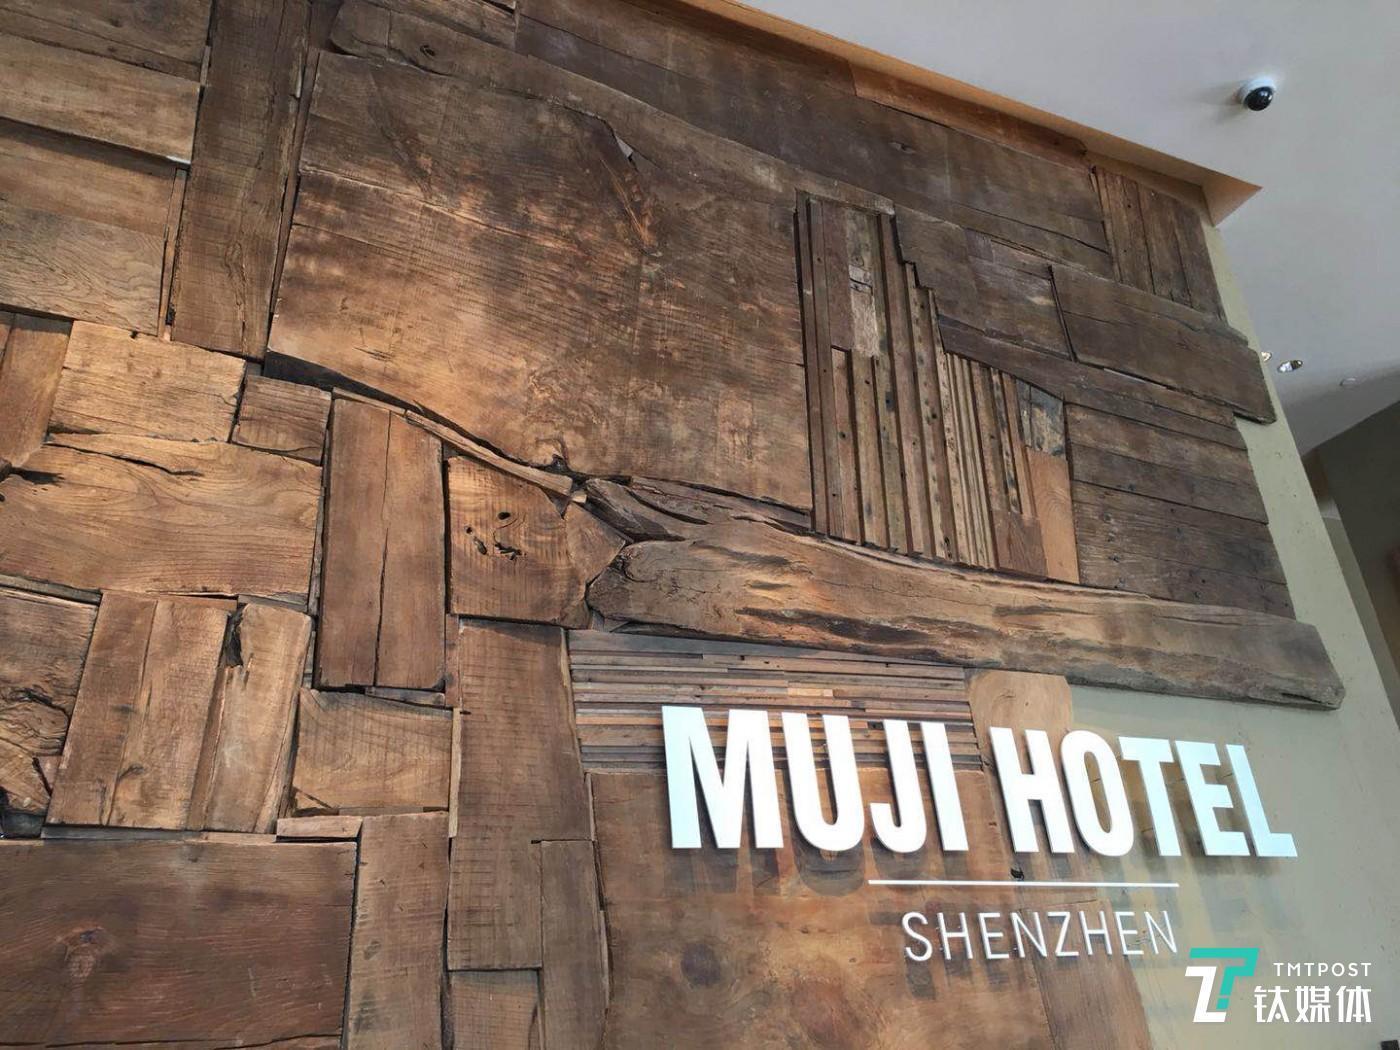 MUJI HOTEL 二楼前台处,旧木块被拼接成背景墙。
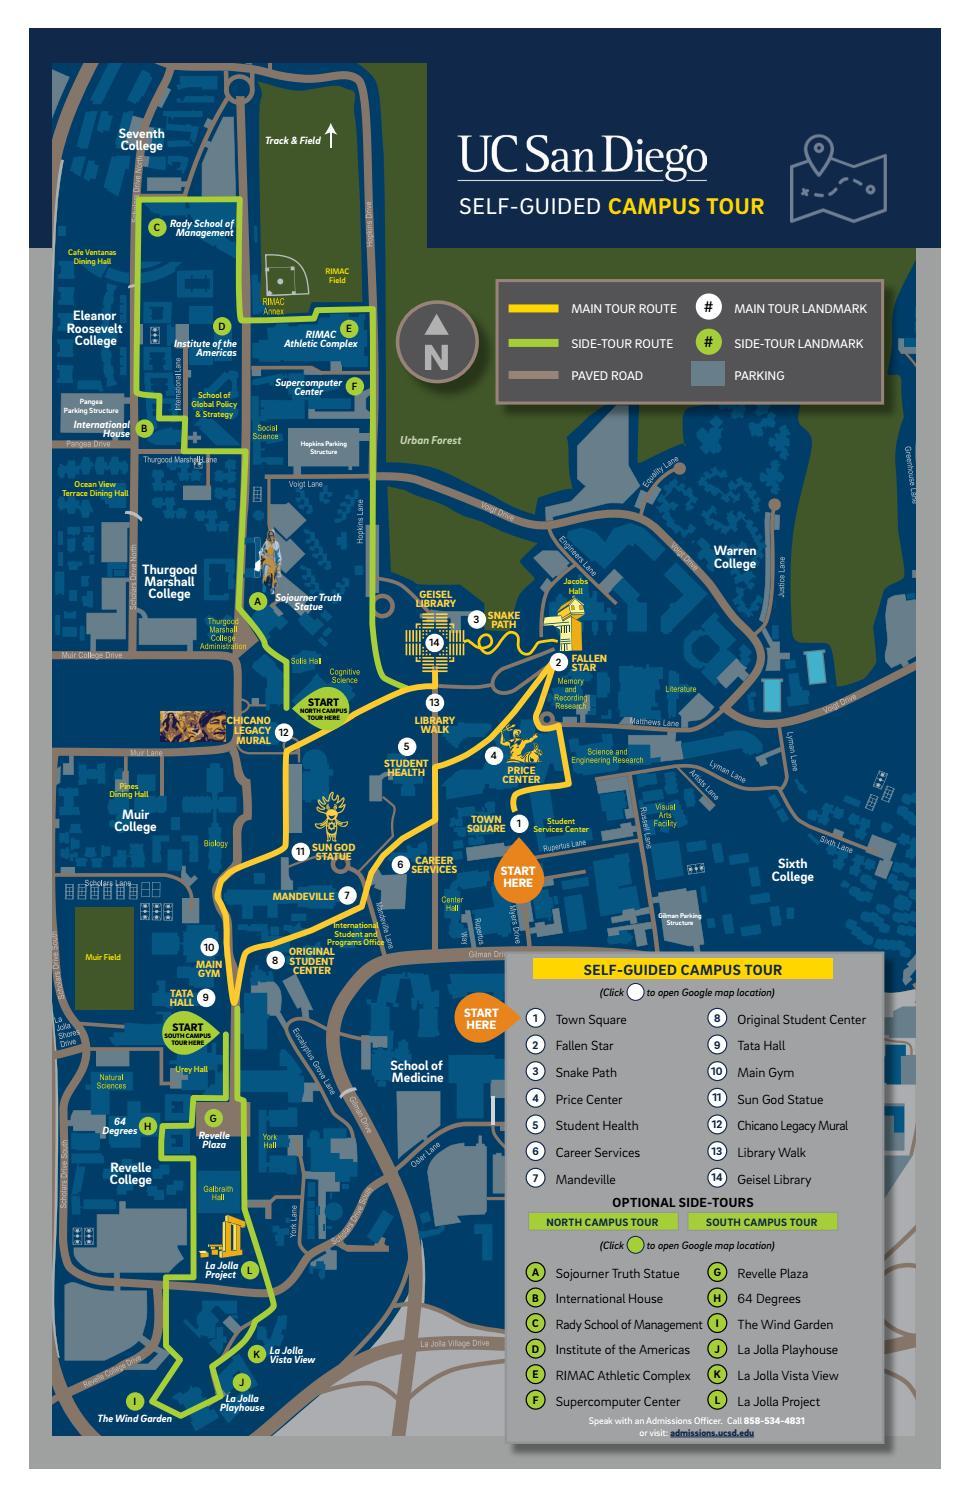 San Diego Miramar College Map : diego, miramar, college, Diego, Self-Guided, Admissions, Issuu
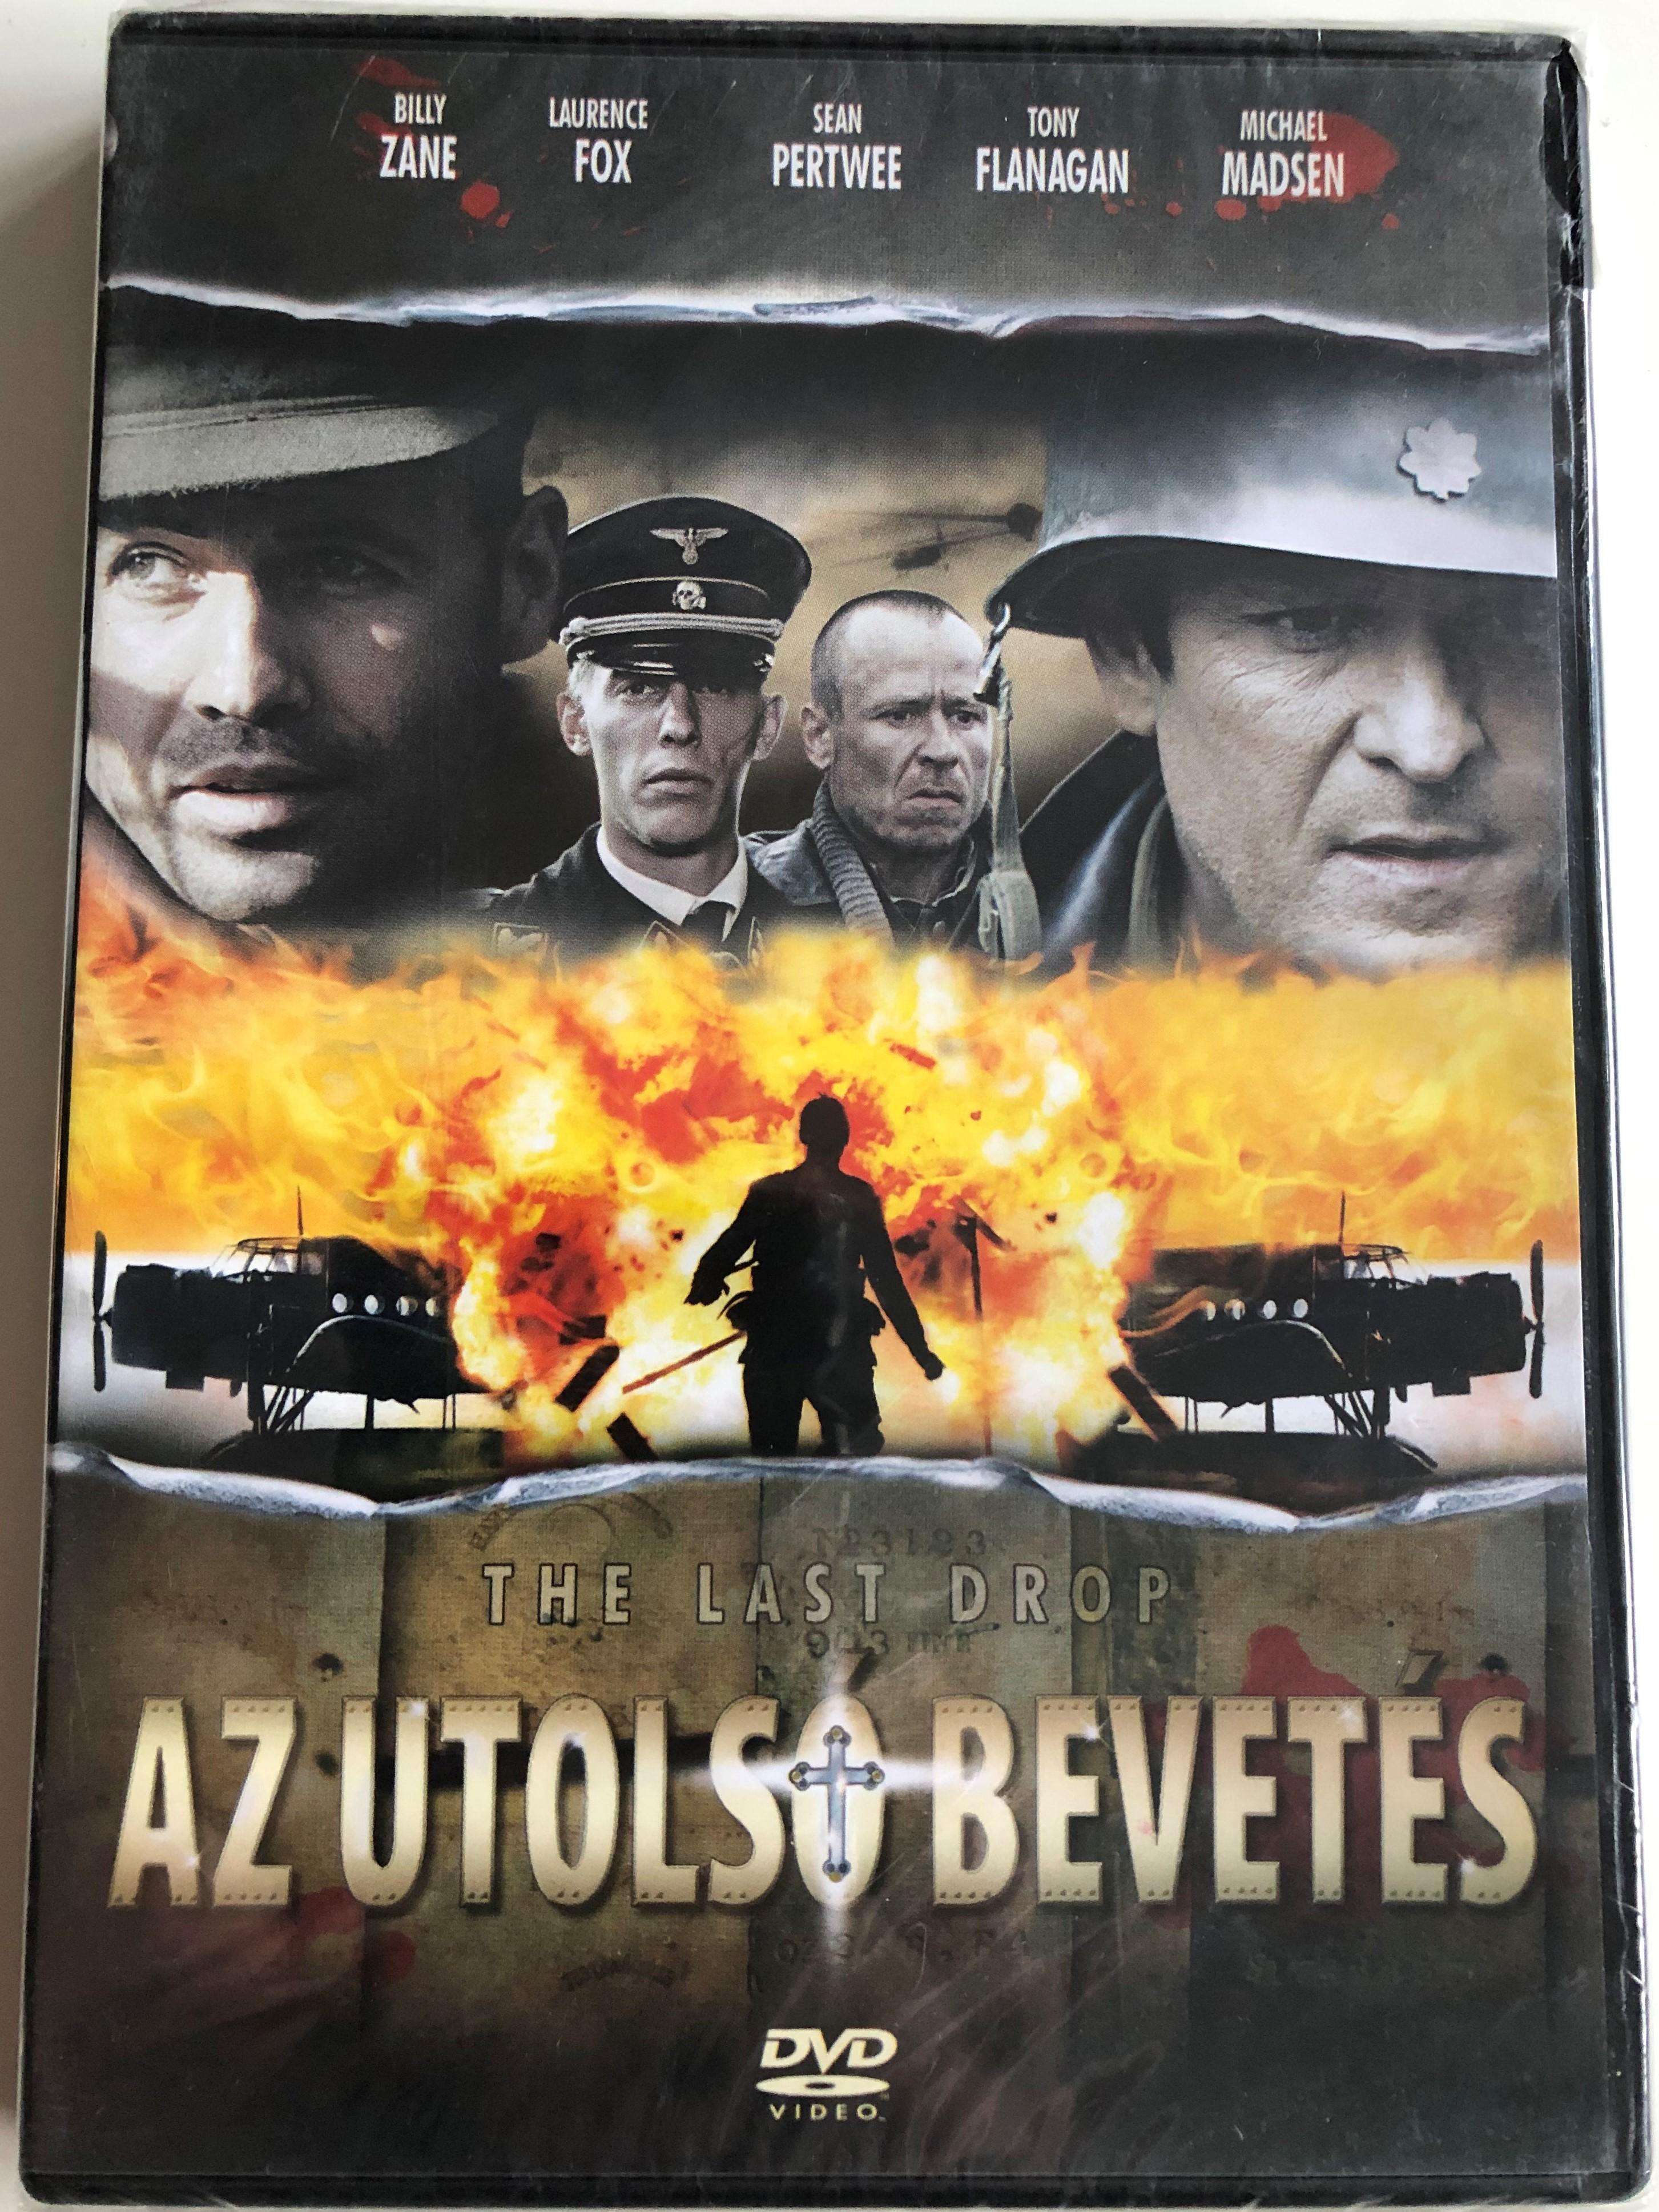 the-last-drop-dvd-az-utols-bevet-s-directed-by-colin-teague-1.jpg

### [ACTIVITY]
In the copy you return, include exactly the lines from the one containing "San Diego Miramar" through the final line of the listing, and no pictures.

### [SOLUTION TO THE PROBLEM]
 San Diego Miramar College Map : diego, miramar, college, Diego, Self-Guided, Admissions, Issuu
 the-last-drop-dvd-az-utols-bevet-s-directed-by-colin-teague-1.jpg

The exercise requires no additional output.